A Lie-Demon’s whisper had been his only counsel for weeks, telling him that his older brother had always looked down on him, had always seen him as lesser. "What did you expect me to do?"


From a tear in reality that only the younger brother could perceive, a Discord-Demon hissed, its voice like scraping stone. "You did the right thing. He disrespected you. Now, finish the job. His family shares his greed. They are part of this betrayal."

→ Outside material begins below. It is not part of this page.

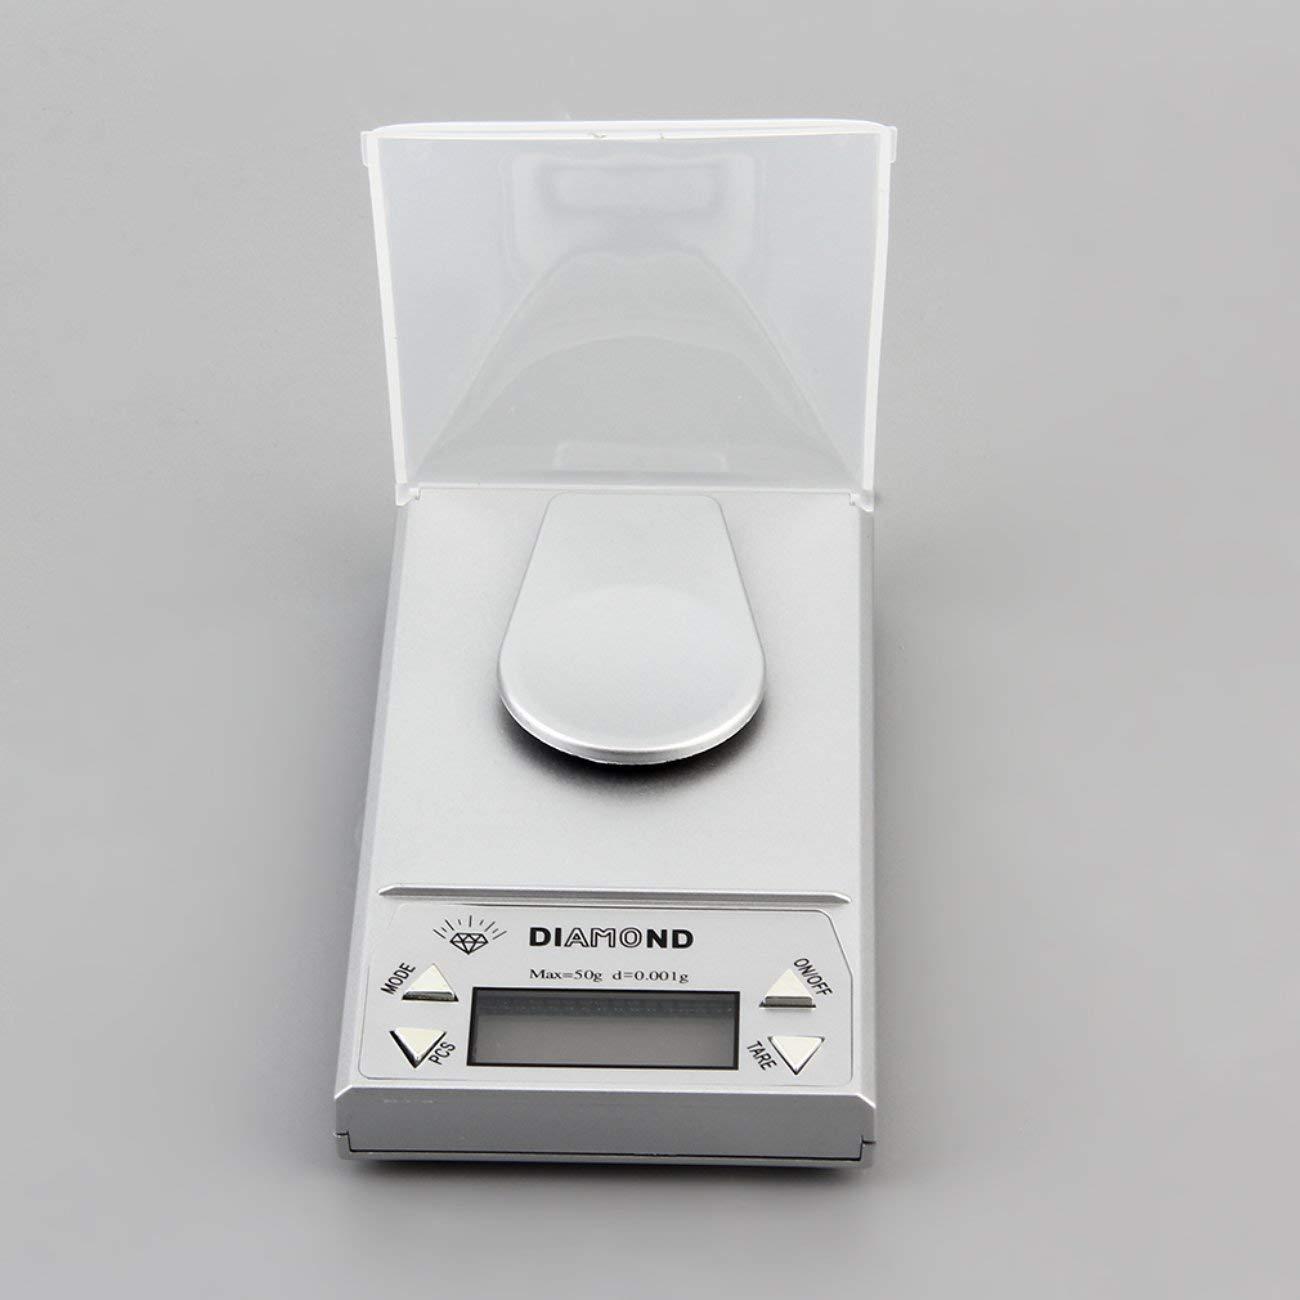 Gramo del peso de la balanza de la hierba del oro del laboratorio del oro del laboratorio de la escala de la joyería de 10/20 / 50G 0.001g LCD: Amazon.es: ...

"Yes... I didn’t do anything wrong," younger brother repeated, the words a hollow mantra. He entered his brother’s house. He saw the faces of his young niece and nephew, their eyes wide with confusion. For a fleeting moment, tears pricked at his own eyes, a ghost of the man he used to be. But the demonic whispers were louder than his conscience.


"I didn’t do anything wrong," he whispered again, standing over the still bodies of his brother, his sister-in-law, and their six children. The tragic scene fed a minuscule trickle of power back to the demonic realm, a single drop in an ocean of malice, but a drop nonetheless.


Across the cosmos, Ichor roared with laughter. "This is the right way, Deimos, you are a genius!" he bellowed, as he watched one of his corrosive plagues dissolve an entire planet at the edge of a distant multiverse, a place where the God’s vision was weakest. The world didn’t die in fire and fury, but in a silent, bubbling sludge, its oceans turning to acid and its mountains crumbling to gray dust.


"This is just the start," Deimos’s calm, chilling voice echoed in the minds of the other Demon Lords. "In a hundred thousand years, we will be strong enough to crush them like ants."


Sunny watched another world fall, this one to a more insidious attack. A plague, born from a Curse-Demon, swept through the population like a wildfire. It was a disease that didn’t just kill the body; it attacked the mind.


The Despair-demon followed in its wake, amplifying the grief, while the Fear-demon turned every shadow into a monster. The lifeforms died like flies, their last moments not of peace, but of pure, undiluted terror.


The Demon Lords’ strategy was flawless. They targeted the weakest Gods, the ones whose multiverses were small and isolated, far from the central powers. Their demonic children were the perfect tools, their actions too subtle and scattered for the Gods to notice until it was too late, and even if they notice it, they wouldn’t know that it was a doing of the demons.


In the heart of the demonic realm, in a fortress carved from a single, mountain-sized obsidian stone, Beelzebub and Phobos played a game of chess. The pieces were not wood or ivory, but the trapped, screaming souls of fallen lifeforms.


"My race just devoured another planet," Beelzebub rumbled, moving a soul-pawn forward.


"The rook moves diagonally, Beelzebub," Belial, the Lord of Lies, said with a charming smile as he appeared beside the board, casually nudging a piece into a checkmate position.


"Do you think your power is the only one growing?" Beelzebub said, not even looking at Belial. With a single thought, he reverted the board to its state before the cheat. "You are forgetting I am also getting stronger with each passing second. Your lies wouldn’t work on me"


"You are no fun," Phobos rasped. "At least you could have agreed to the lie, like Deimos would have."


"He is just too cunning," Beelzebub replied, a hint of admiration in his voice. "This plan of his... I believe it will make these Gods kneel before us and beg for mercy."


Far from the game, Deimos sat on his own seat, his eyes closed. He could feel the threads of discord weaving through the cosmos, the sweet symphony of chaos growing louder with each passing moment. "My power is increasing, better than all the other demons, but it’s still not upto to my expectations," he mused. A slow, cruel smirk spread across his face.


"Perhaps... it will increase when Gods themselves would join this little game of mine." He knew that the true, exponential surge in his power would only come when the divine beings themselves began to turn on one another. The discord of mortals was an appetizer. The discord of Gods would be the main course.